In a telling revelation, recently compiled data by the National Institute of Development Administration (NIDA) has pointed towards an unsettling perception held by a significant segment of Thai residents – a suspicion of potential collusion between state officials, including the police department, and influential figures reputed for mafia-like activities.
This comprehensive survey was orchestrated and implemented between September 12 to 14, encompassing over 1,310 participants exceededing 18 years of age. Education, occupation, and income levels varied significantly in this participant pool, ensuring a myriad of perspectives representative of the diverse Thai population. The survey essentially aimed to map out the prevailing perception of any unholy nexus that may exist between state officials and entities dabbling in the obscure.
When probed about the existence of mafia-like influential individuals within their province boundaries, nearly half of the participants, marking a precise 49.54%, denied any such presence. However, a considerable 26.34% pointed fingers at local politicians as the main bearers of these questionable influences. Tambon chiefs, village chiefs, and their assistants were implicated by 15.95% of the participants. A remarkable 15.80% respondents implicated the police forces whereas 13.21% held other state officials accountable. Likewise, various groups were identified as holding questionable influences over the state, including but not limited to, operators of underground businesses, regular business operators, national-level politicians, professional gunmen and gangsters, military personnel, community committee leaders, and mass media and entertainment industry members. A bare minimum of 0.38% of the participants expressed ignorance or disinterest in the issue.
Showcasing a general reluctance to confront these overwhelming power structures, a majority of 60.30% conveyed an unconditional refusal to engage in altercations. Another 16.34% also wished to evade such encounters, while a risky 12.75% were potentially willing to go head to head with such figures. A small section of 9.08% maintained that they might indulge depending on circumstances, and an unchanged 1.53% were uncertain. When the participants were probed about their degree of confidence in obtaining protection and justice from state officials or police in case of a disagreement with such influential figures, statistics were rather bleak. A worrying 38.39% held no faith in such protection. An additional 37.10% were unsure, only 13.51% held some faith, and a mere 9.92% claimed high confidence levels. The remaining fraction of 0.54% were either uncertain or disinterested.

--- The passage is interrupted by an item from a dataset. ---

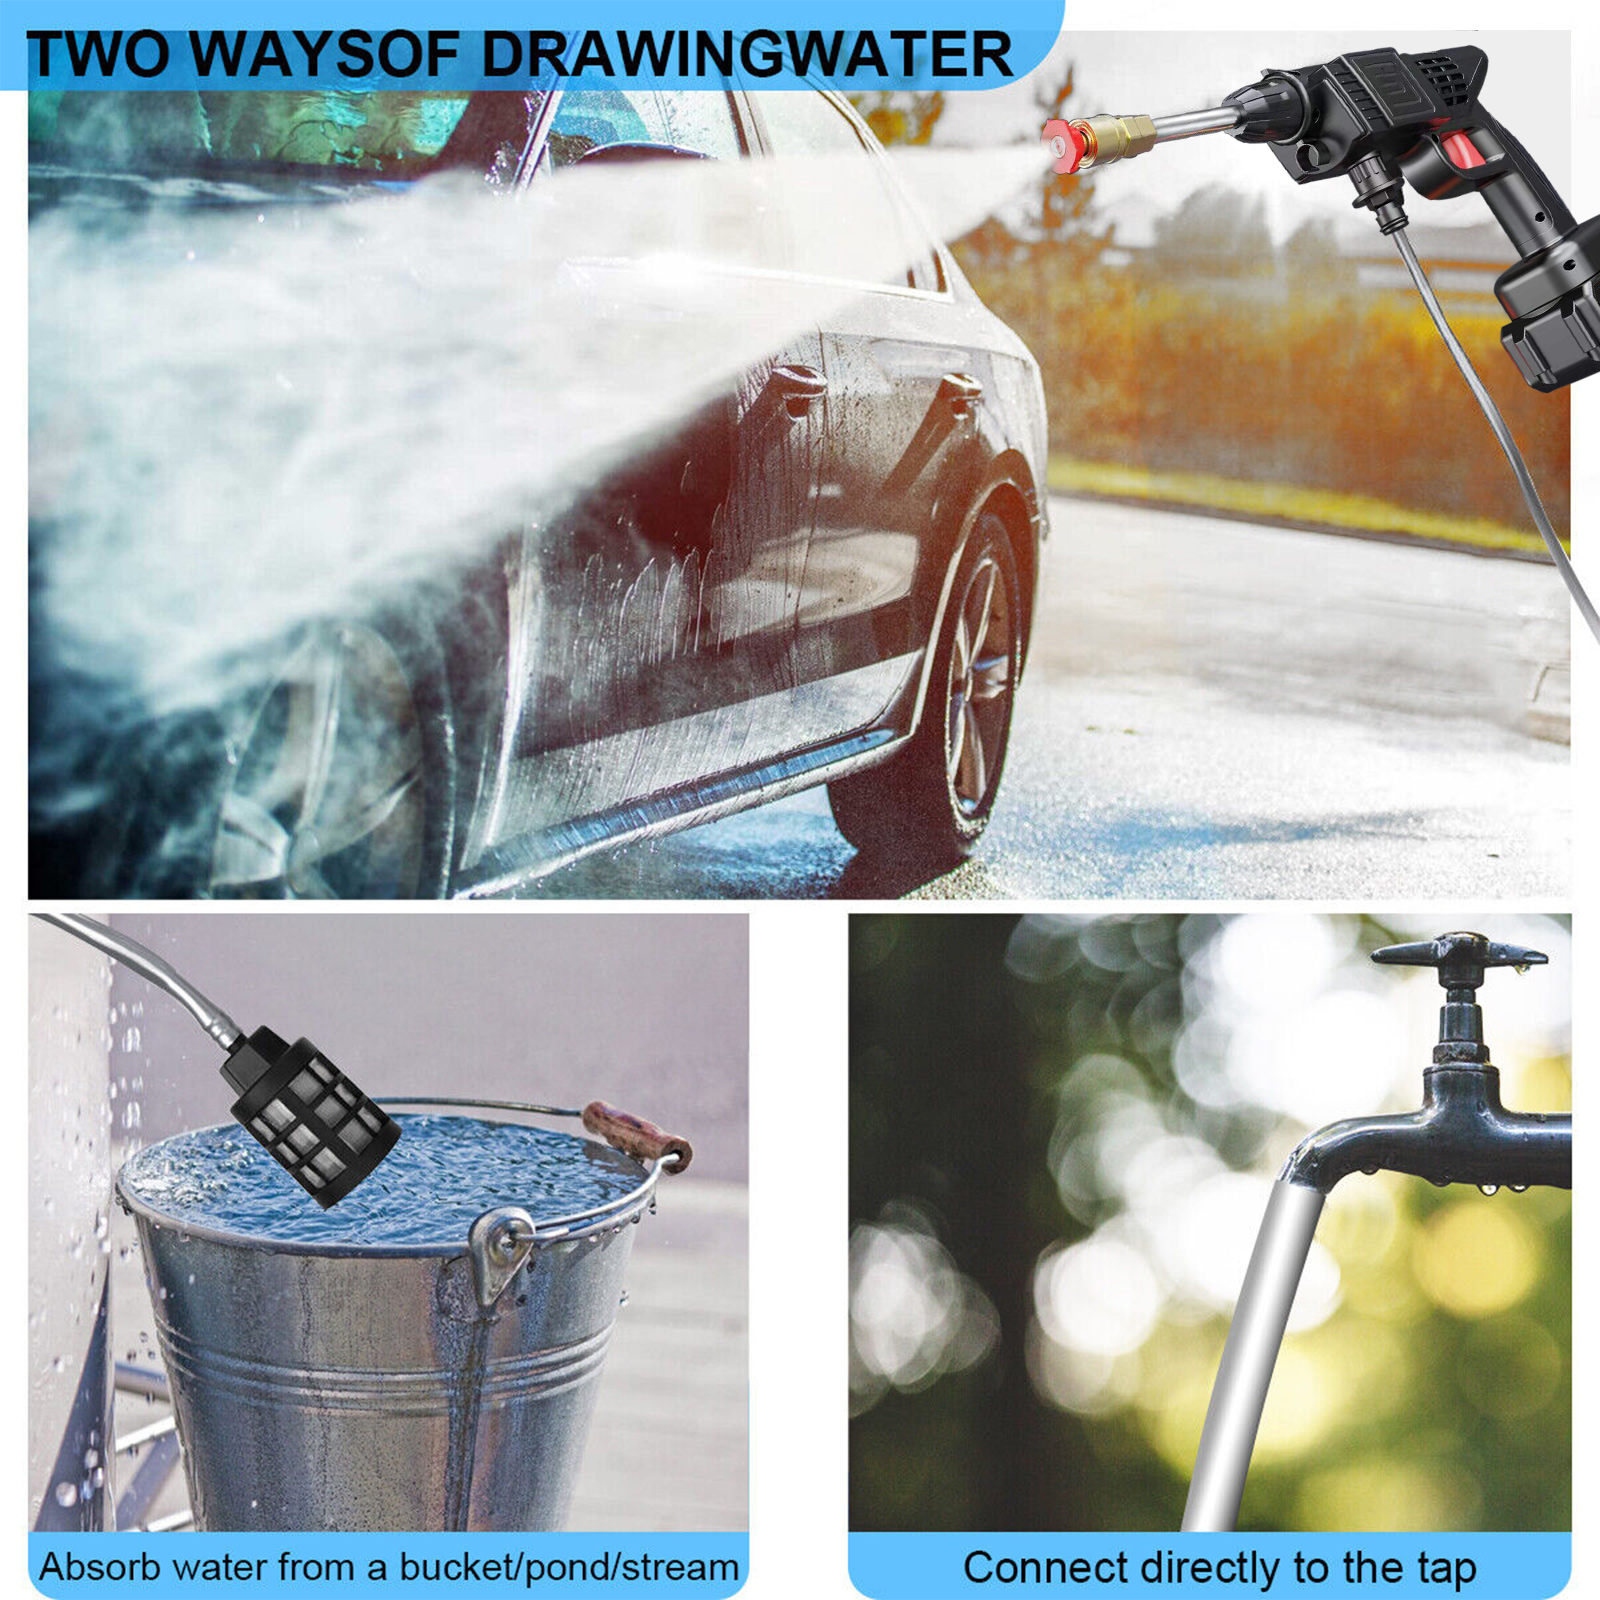 Electric Cordless Pressure Washer, 288VF High Pressure Power Washer, Car  Wash Tool, Pressure Washer Gun with Rechargeable Battery

The survey concluded with the most revealing question, asking the respondents if they were of the belief that some police and state officials were actually safeguarding the interests of these mafia-style figures. A massive 59.77% of respondents affirmed this belief strongly, with additional 26.49% confirming it moderate conviction. Though 8.32% were uncertain, they still leaned towards negative, whereas a mere 4.35% denied such claims outright. The remaining 1.07% maintained indifference or uncertainty.